Dept. - M.Tech(C.S.E)

Note: Due to the limitations of the system, I selected the value of epochs to 3 and model training data size to 20000

Libraries Used:

numpy
pandas
transformers
sklearn
accelerate
datasets seqeval

Steps to Run Assignment:

Extract the 231110033_assignment2.zip in your local system.
Now there are two ipynb files separately(one for IndicBert and one for IndicNER, with their name respectively)
Now run each cell either in kaggle(more preferably) or google collaboratory

Question 1 :

Identify the named entities for a set of 25 sentences and mark them in BIO format.

Step1: As discussed in the class I have assigned named entities to all the words with the help of classes PER (person), LOC (location), ORG (organisation), MISC (miscellaneous) and O (for others, i.e., non NEs)

Step2: As mentioned in the question there is a file called "1 Ans) Manually Annotated Sentences" inside the zip folder and also I have submitted that on the website given https://bangla.iitk.ac.in/cs689/

Question 2 :

In the second question we had to Fine-tune IndicBERT and IndicNER model on the Naamapadam corpus, I chose my mother tongue HINDI with train 70%, 10% validation, and 20% test set splits as already given in the corpus.

I used GPU from Kaggle for this.

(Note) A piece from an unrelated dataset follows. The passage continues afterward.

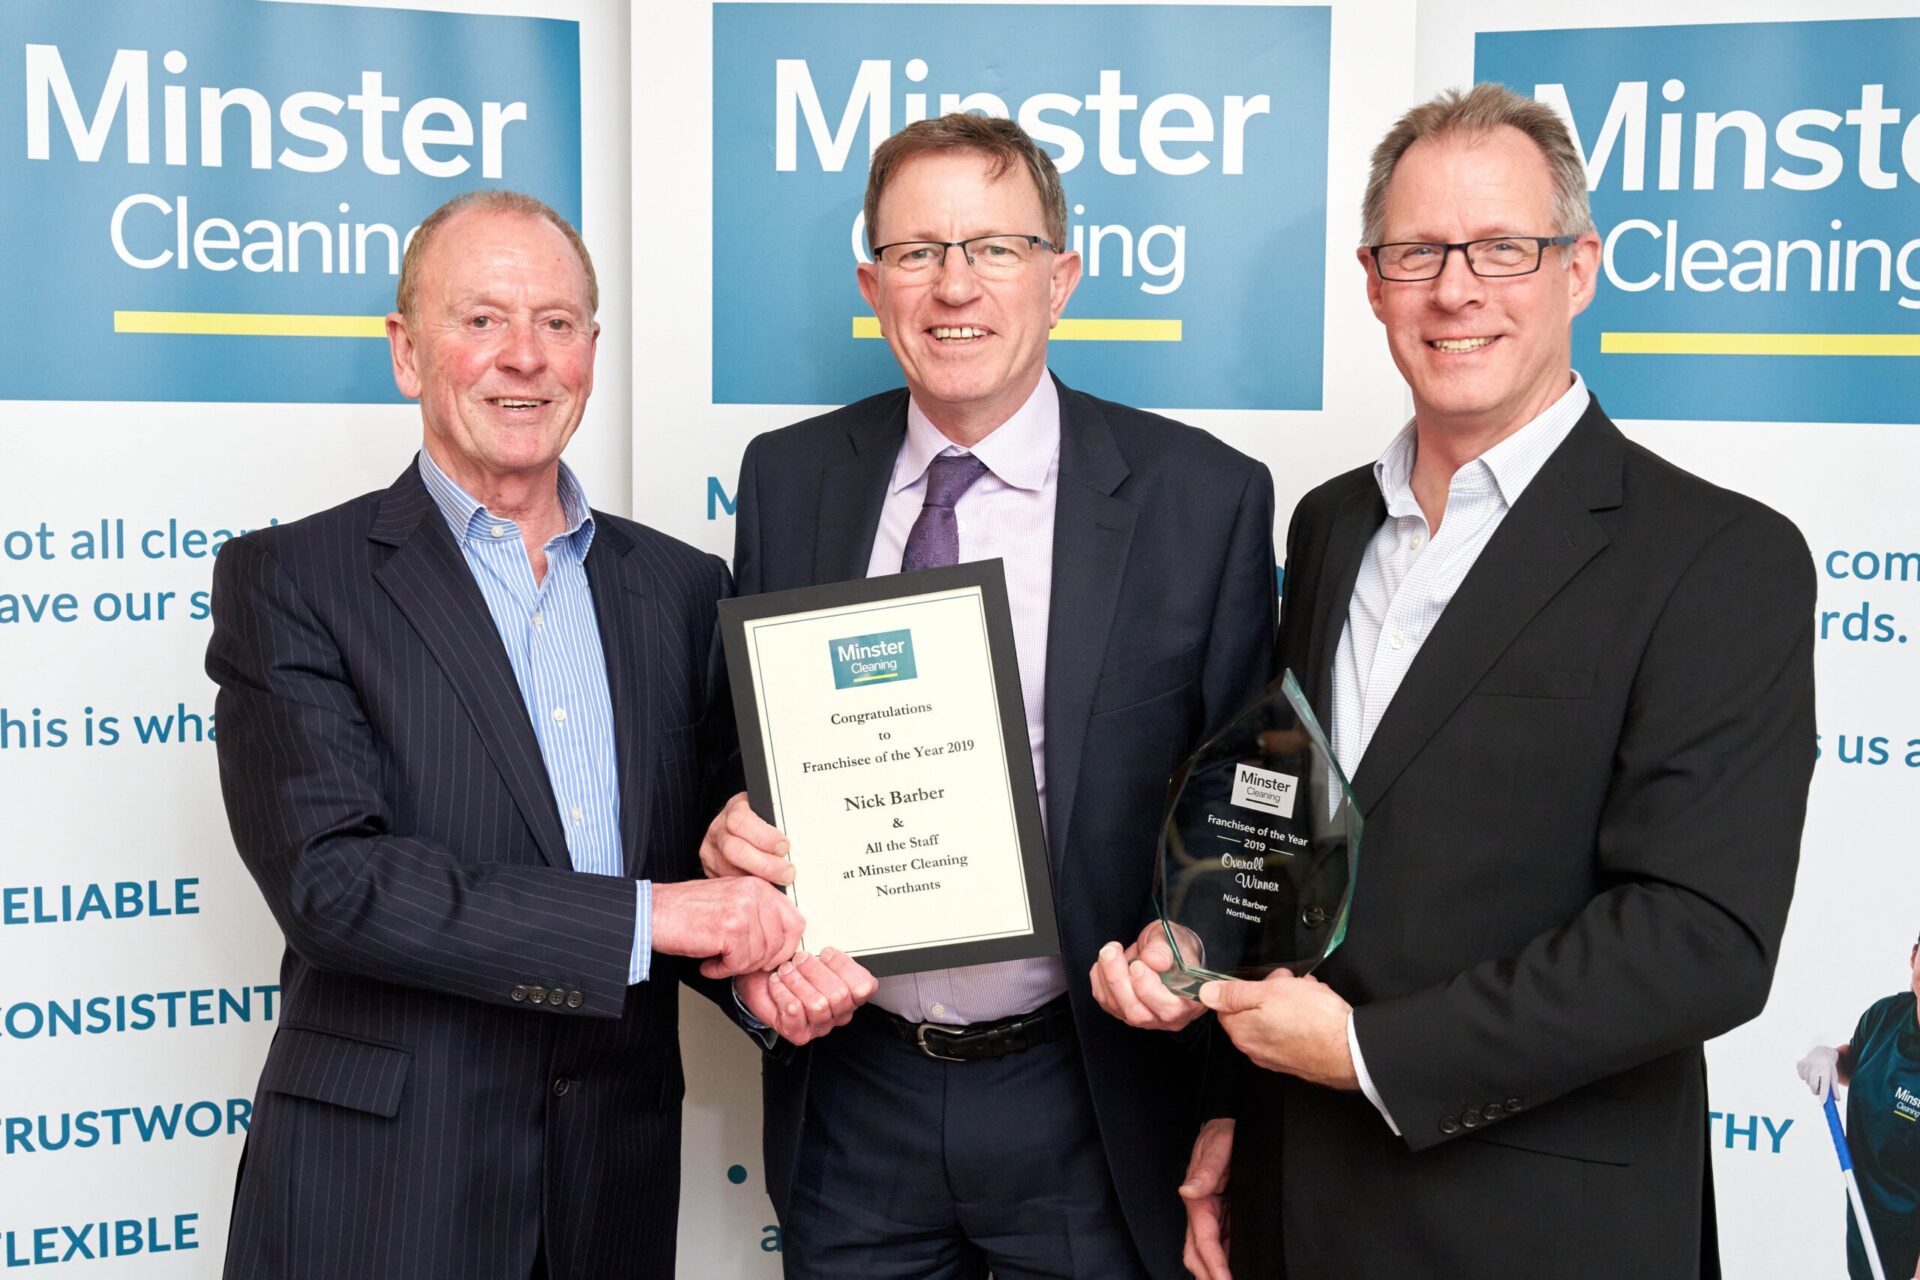 2020 Minster Cleaning Annual Awards

IndicNER model is available at https://huggingface.co/ai4bharat/IndicNER whereas IndicBERT is available at https://huggingface.co/ai4bharat/indic-bert.

This is done in two python notebook files (IndicBERT and IndicNER).

Inside itself comparison is done and macro-F1 score is mentioned.

Question 3 :

For 3rd question I passed the all 25 sentences mentioned on the website where we manually annotated NER tags to the ChatGPT which is present inside the zip folder with name "3 Ans) ChatGPT"

Question 4 :

I did this part in the both notebook filese itself, which can be checked via going at the last of the code.

Question 5 :

For this question I submitted the report.pdf file which is present inside the zip folder.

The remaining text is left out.